# ASSIGNMENT:
Retype the data below verbatim; pictures do not belong in the copy.
** COLLECTED DATA follows **
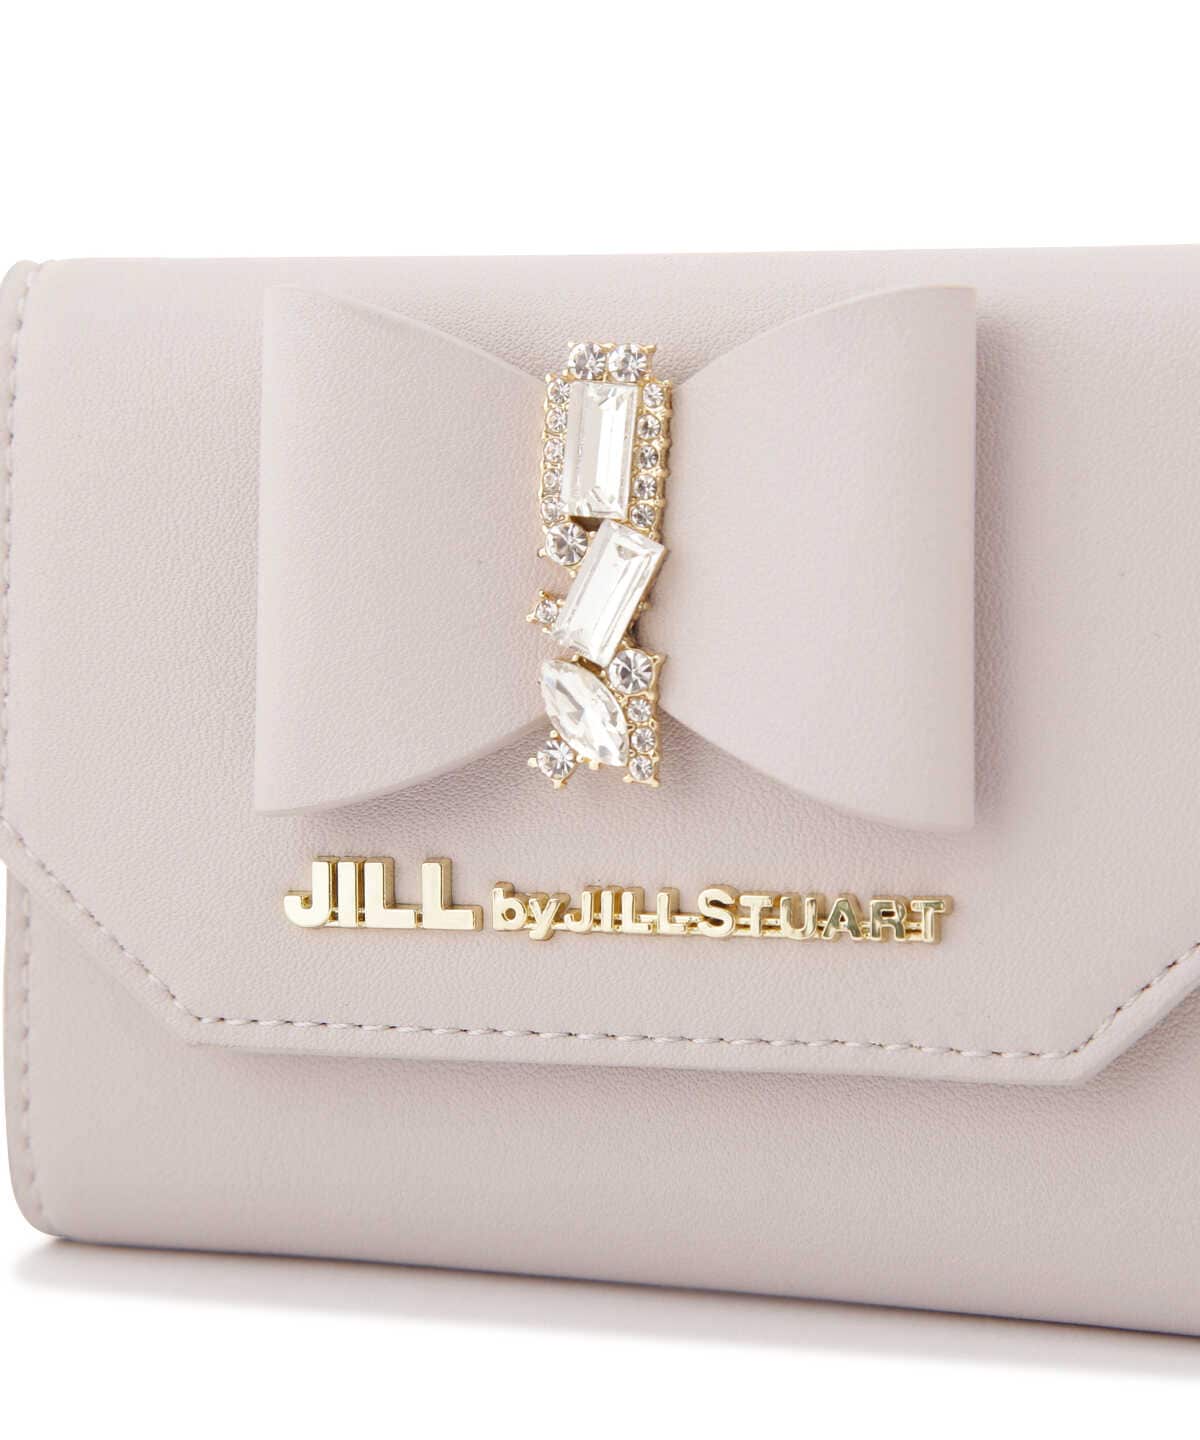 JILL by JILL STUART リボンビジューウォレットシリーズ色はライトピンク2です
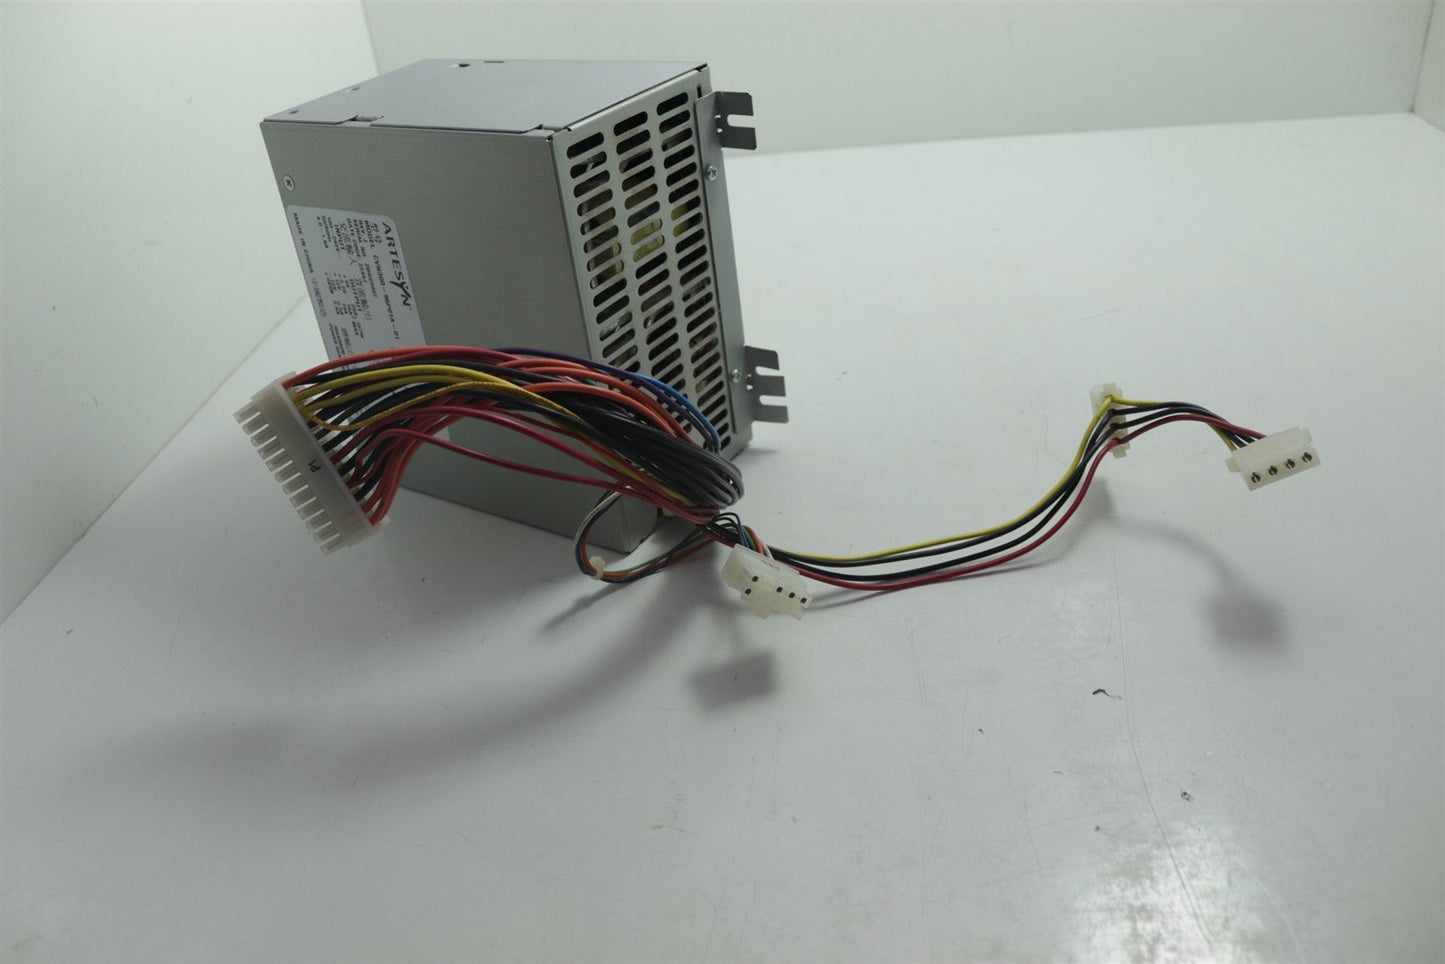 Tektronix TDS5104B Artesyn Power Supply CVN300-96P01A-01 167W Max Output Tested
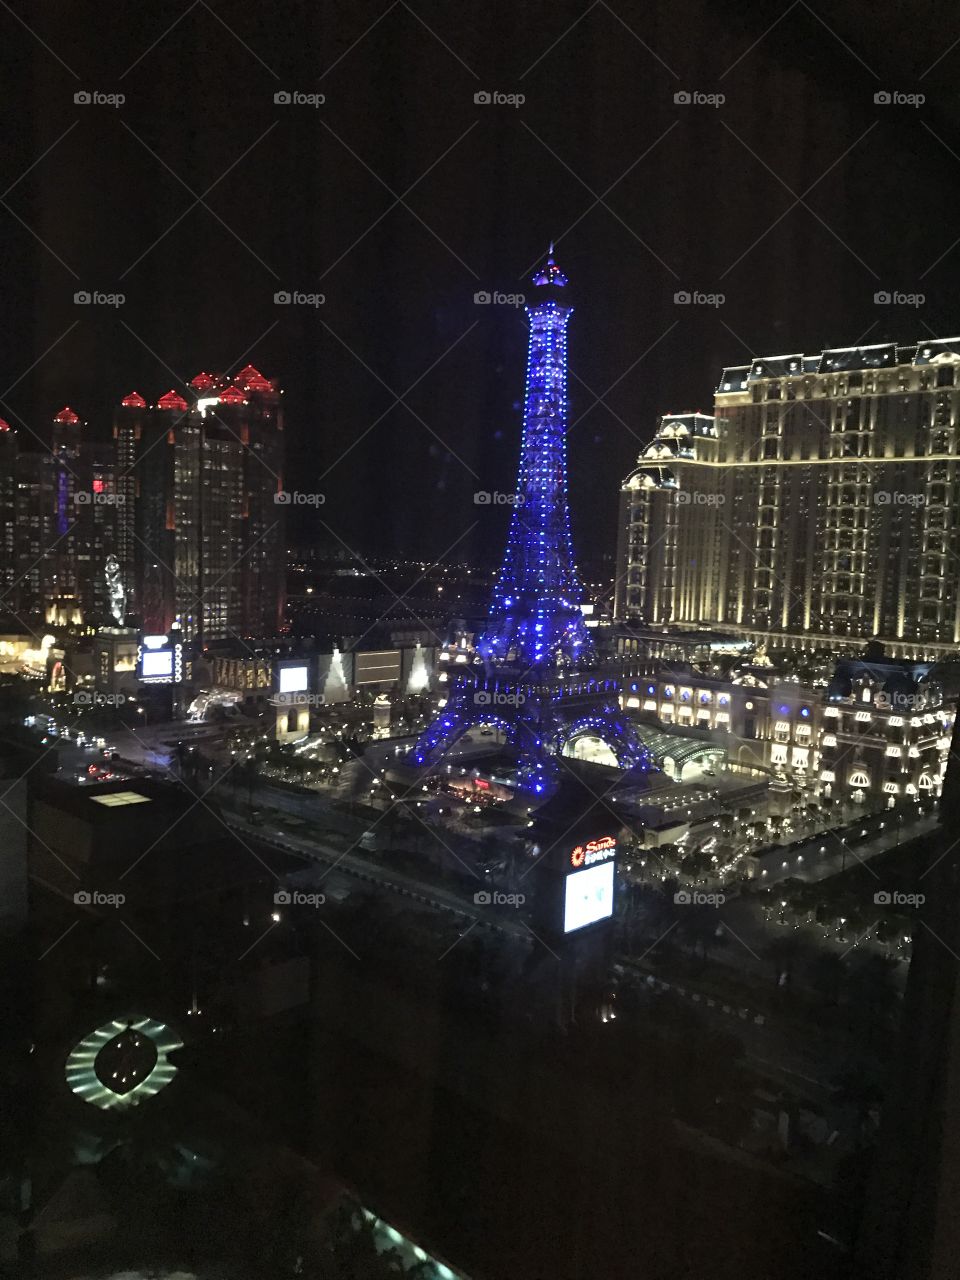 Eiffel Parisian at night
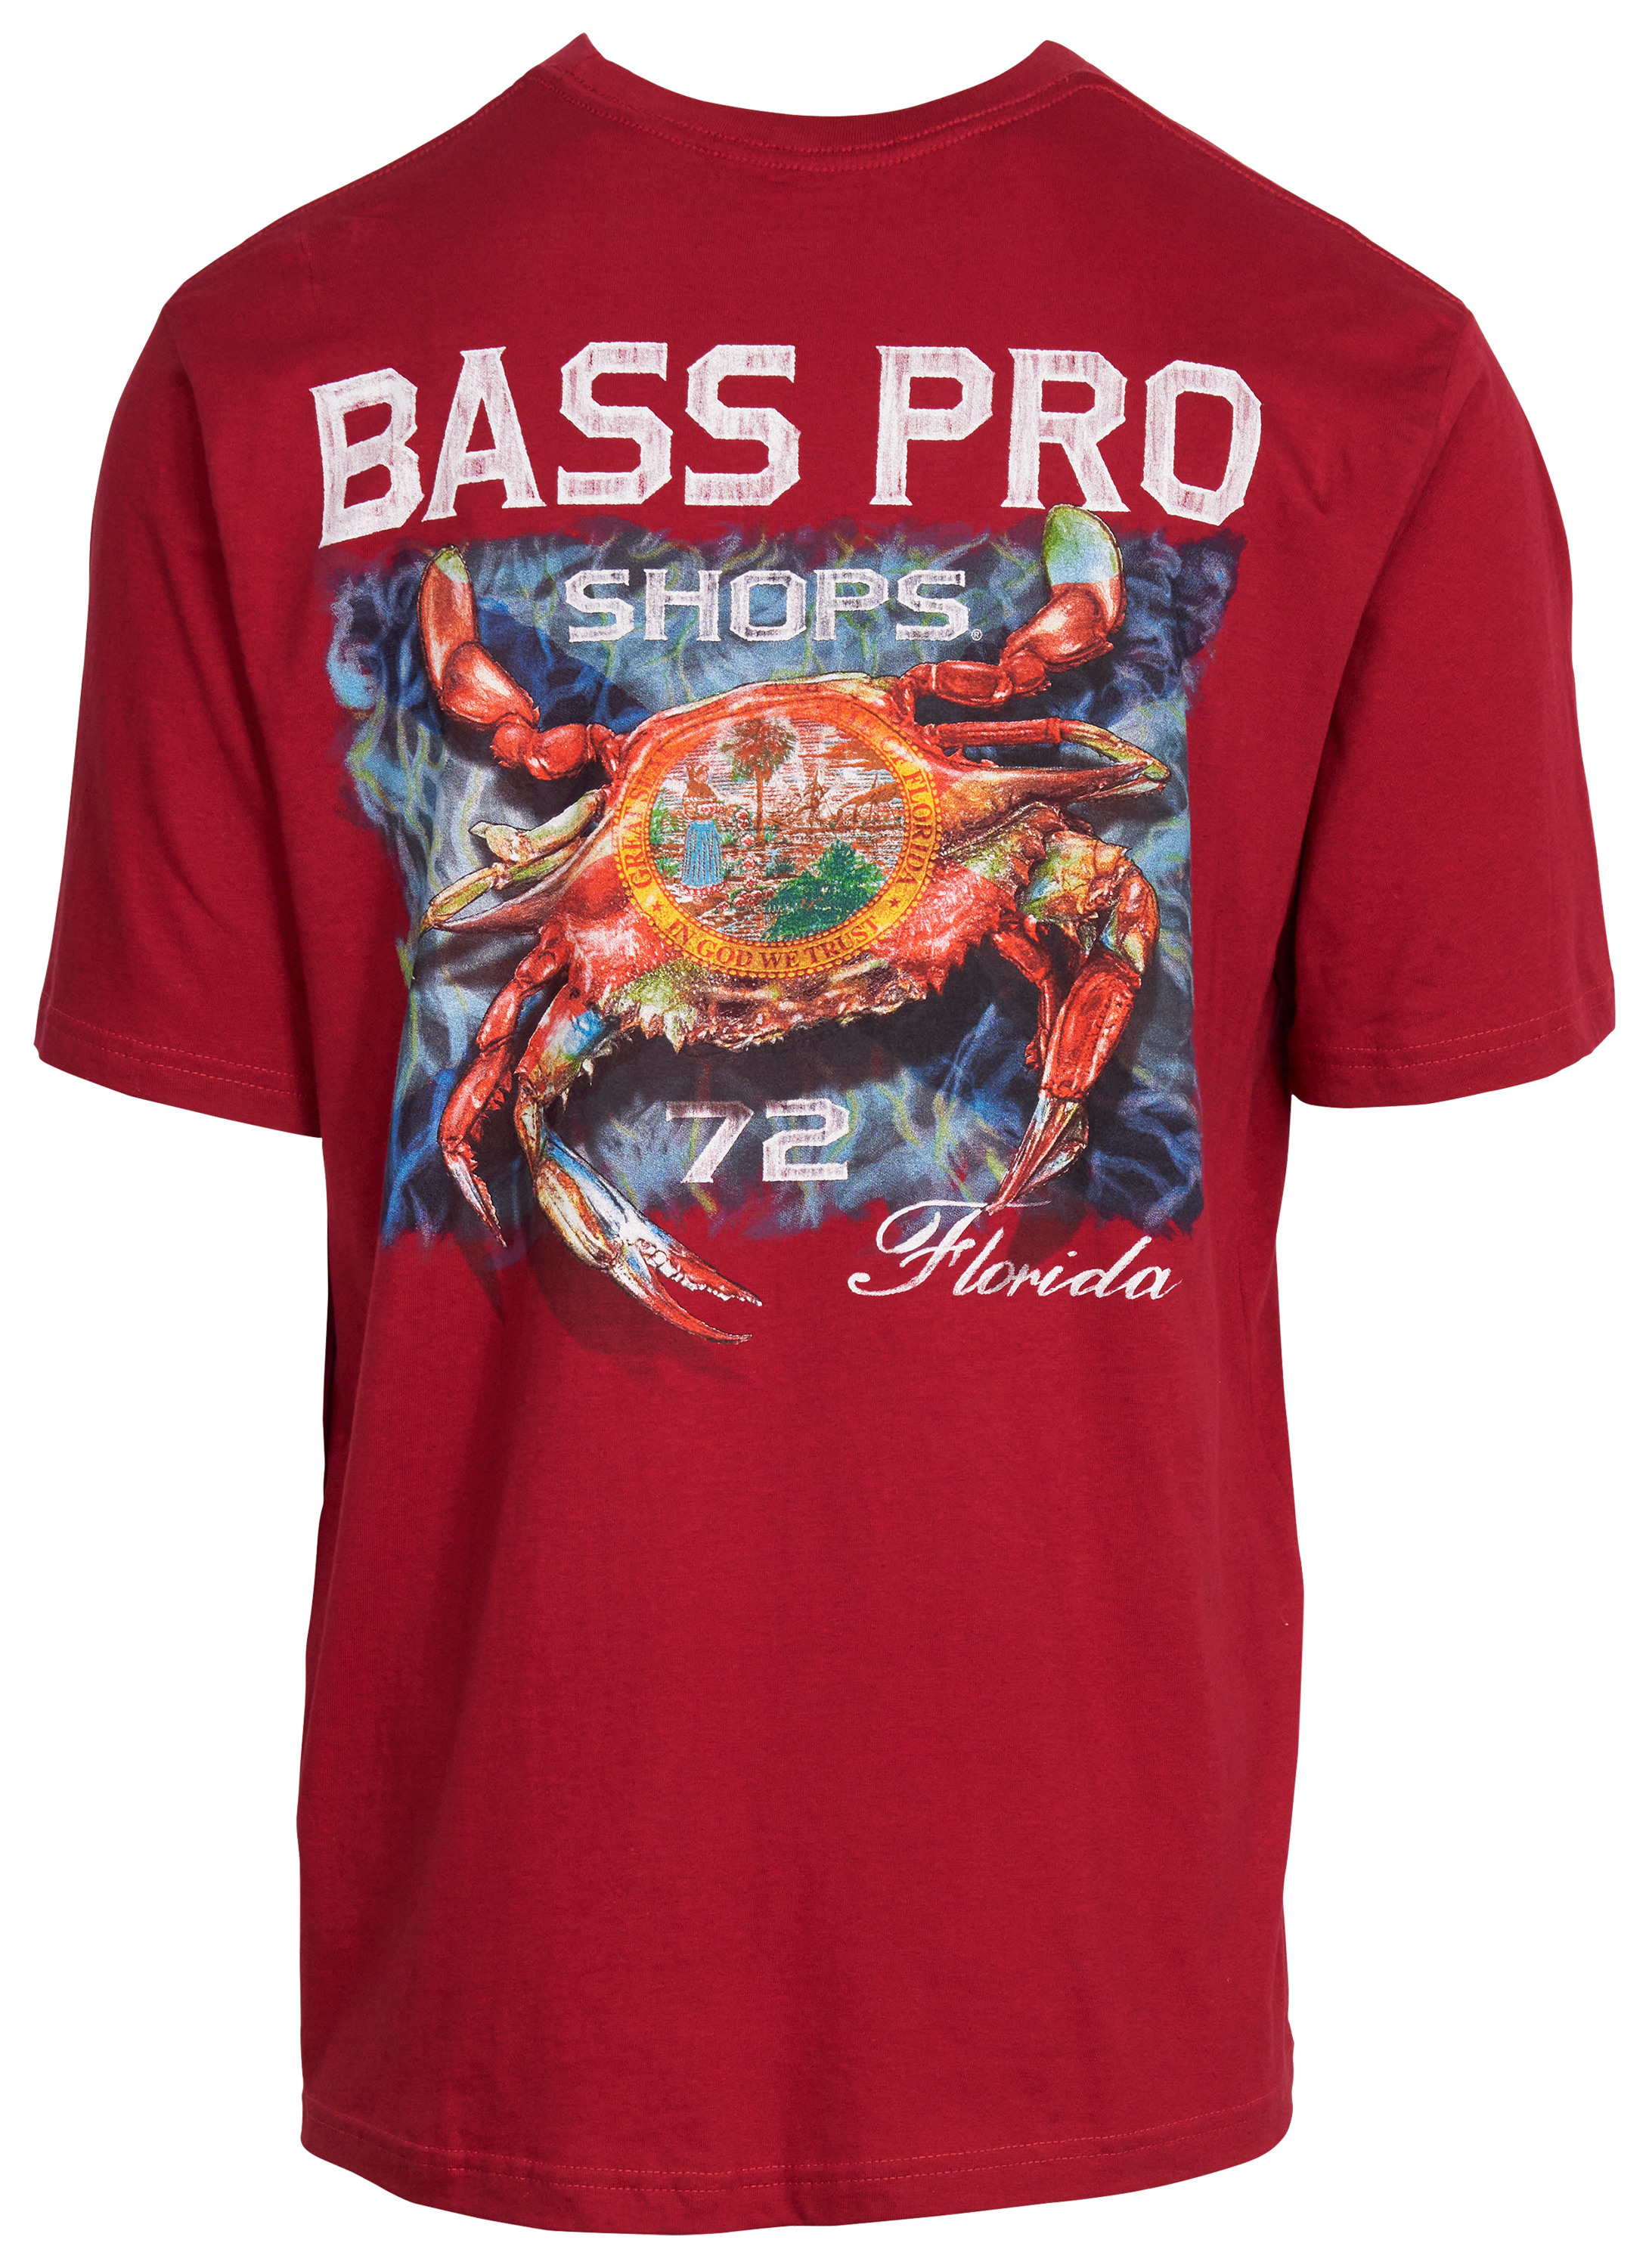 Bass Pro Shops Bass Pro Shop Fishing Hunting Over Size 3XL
** End of COLLECTED DATA **
# ANSWER SECTION:
 JILL by JILL STUART リボンビジューウォレットシリーズ色はライトピンク2です
 Tektronix TDS5104B Artesyn Power Supply CVN300-96P01A-01 167W Max Output Tested
 Eiffel Parisian at night
 Bass Pro Shops Bass Pro Shop Fishing Hunting Over Size 3XL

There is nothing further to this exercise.